Completely off-topic.

But I [<3] your infra-quote from the Hávamal, Adarain, so I translated it into Sadrås:

uolle þe Tage duon þë Antnochte glutramegght
uolle þe Fvran duon þë Norgebrente,
uolle der Knobv duon þë Fumeghte
uolle þe Joungeße duon þë Geisvreghte
uolle ye Floðefïll geihinne þrœgeghte,
Uolle ye Bjroü duon yë Drägghte


Some notes
Spoiler:
Norgebrent - Lit. 'corpse-burning'. Nowadays, The word Nor is used in Sadrås more for 'meat' or 'flesh' (Cf. Norbællen 'meatball') than 'corpse'. Also, the more contemporary word Ünsrljaight, betokens more of a Doctrinist custom of laying to rest rather than kindling. but would make sense in this older Pagan context as 'pyre' or 'funeral bier'.

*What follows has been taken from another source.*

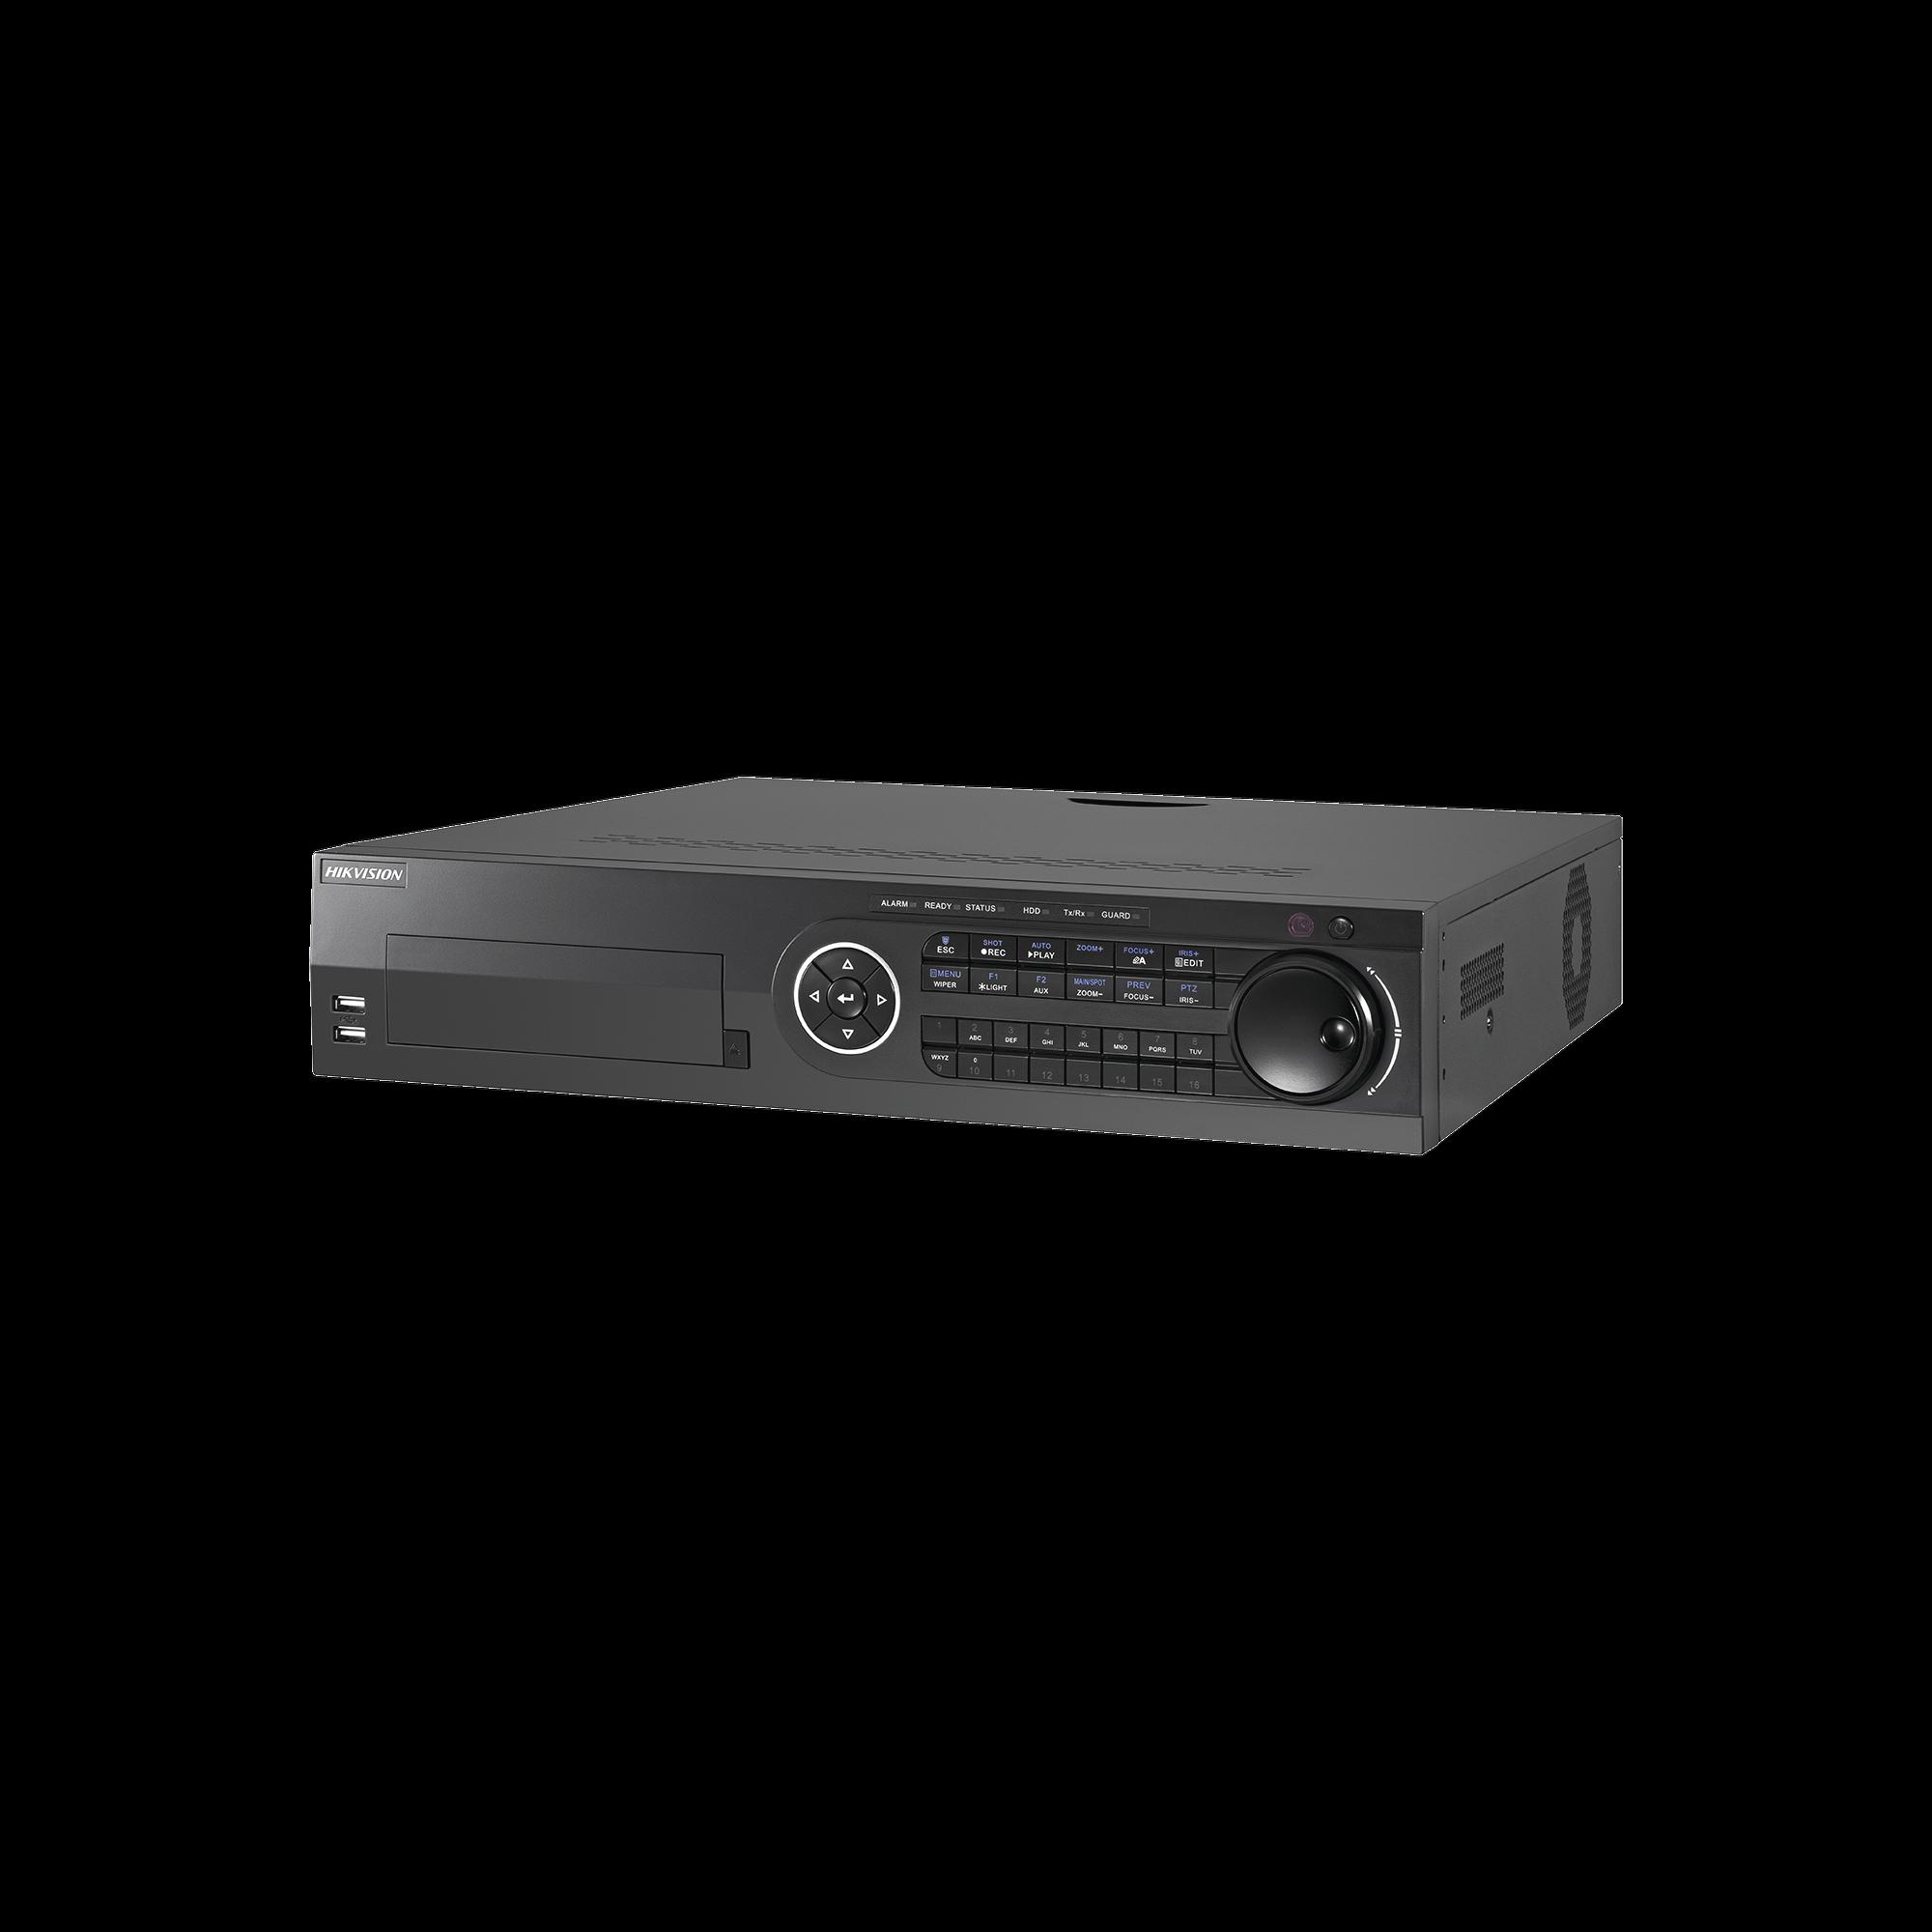 DVR 4 Megapixel / 16 Canales TURBOHD + 8 Canales IP / 8 Bahías de Disco Duro / 16 canales de Audio / 16 Entradas de Alarma

Knobv - 'knife', means anything from an easily-concealed dirk or stiletto, to well-nigh a machete or machæra-like weapon, and does duty for most Sadrasåler Dingmenn.

þë Geisvreghte - The normal word for wedding is Svreghtniß, but the collective noun 'vows' makes as much sense here.